Before you know it time has passed and you are older and is wondering where has the time gone. You are wondering who the person is in the other room if you are married or have lived with a significant other for some time. Well, that is where I am—I am so lost. What am I suppose to do that my daughter is about to leave in about six weeks to go to college. I have submitted my resume to a number of leads that I feel that will be promising. I miss the life I thought I could have, but never really happen. I wanted a mate to go away for the weekends or just have a nice dinner, but his never happened. In two decades I have watched over 100 volleyball and basketball games, attended over 50 dance recitals and award programs without any support from my other half. It didn’t bother me, but I know it affected the kids because some of the kids thought they never had a father. I am so glad they had the strength and wisdom to not let that hamper their success. They preserved and always took the high road. I’m glad I was there, but I somehow felt so unappreciative. There were never any surprise birthday parties, no big anniversaries. Everyday was the same as yesterday. No boo hoo because I did what I was suppose to—-be here to insure the kids make it and succeed in life and accomplish more than myself. Life is like a box of chocolates, you never know what you will get—I quote.
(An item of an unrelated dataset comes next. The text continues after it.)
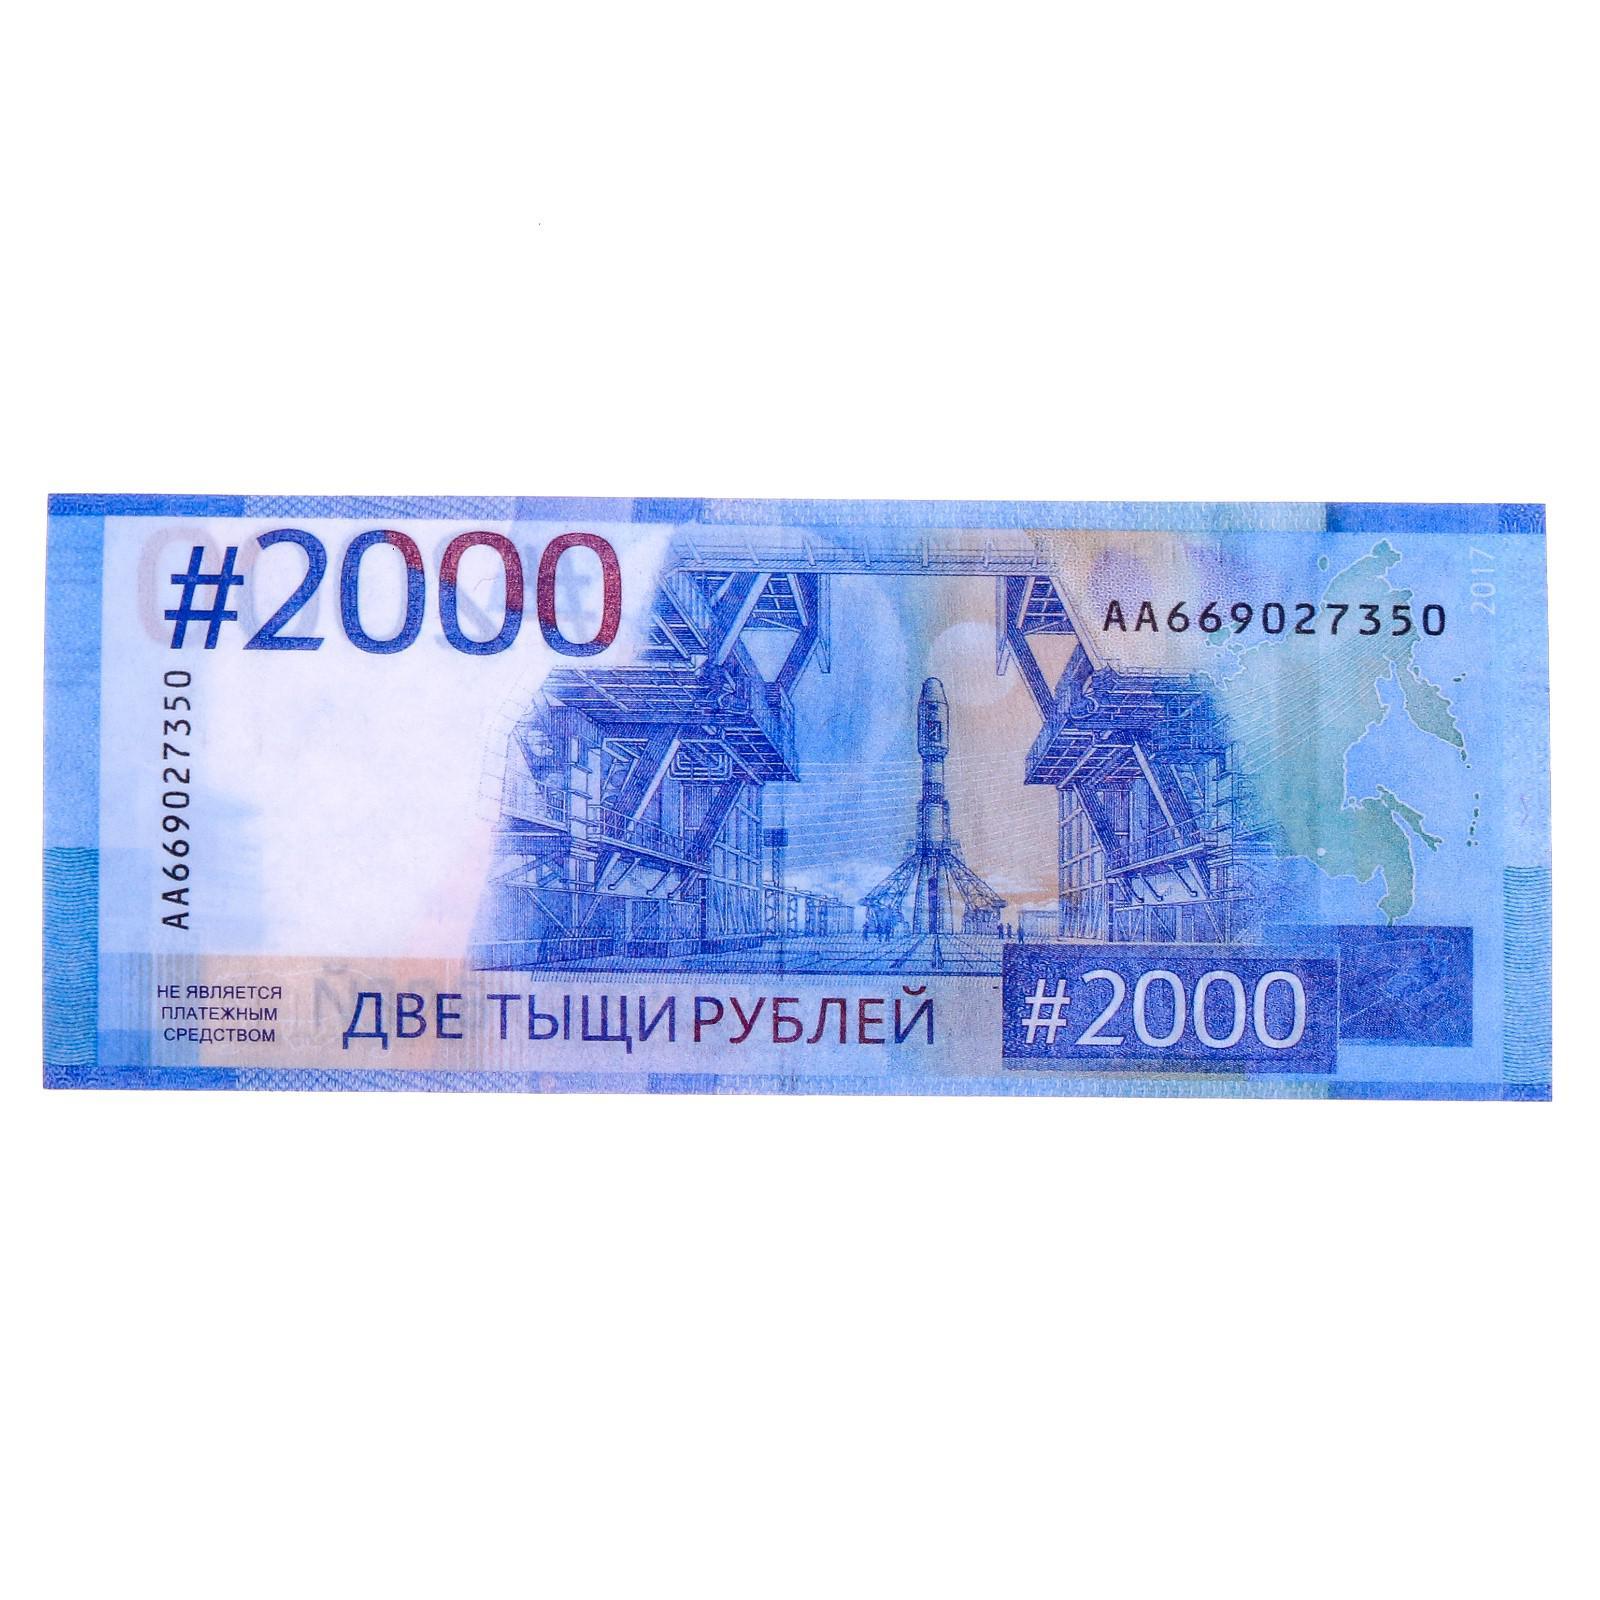 2000 Рублей банкнота

Well, it has been awhile since my last posting. Both daughters have graduated, one from college and one from high school. Now, all the celebration is over I wonder what my next move will be. I spent the last 20 years focusing my attention on my kids to make sure they had the best foundation possible to be successful in life. Now, that they are on track it is time for me to concentrate on what will make me happy. I must admit it is a little scary and intimidating since it has been sometime since I stepped out of my comfort zone. I feel it is now or never. I took the plunge and sent out my resume to possible job opportunities and I have heard from two of the three jobs. I need to try something else to feel fulfilled. I don’t know where the time has gone—-My plan is to make sure the younger daughter is on campus this fall and ready to go. I feel there is nothing else for me here since both my parents are gone and my sister has retired. My next move is to locate employment about 3hours away. I never realized how lonely I am even when there is someone else in the other room. Now, here I am before I know it my kids are all gone and here I am lonely and looking for real happiness. I am happy in the sense of being appreciative for my life and family, but on the other hand there is still something missing in my life. My hope is that before I know it my total happiness will become a reality.
A friend once told me when my kids were young “before you know it”—I really didnt give her a chance to finish her sentence I just responded back—BEFORE I KNOW WHAT! It was such a difficult time I was coping with the demands of work and my growing family. That ended the conversation abruptly. Now here I am two decades later with my last child about to graduate from high school and I truly understand what she meant. Before you know it your kids are gone and have begun lives of their own. What once felt like an eternity now feels like the clock is ticking so fast that I can’t keep up. As I sat in the audience and watch my daughter collect her scholarships and academic awards a feeling of sadness overcame me because in less than a week she will officially graduate from high school. What made me smile was her happiness and the pride she displayed after the event. Even strangers came up and congratulated her which made her feel like a “celebrity.” On the way home she was amazed at the awards she recieved. We will celebrate this weekend when her two sisters arrive in the next couple of days. My work is cut out for the next couple of days—planning the party and of course getting through graduation. Pray for me.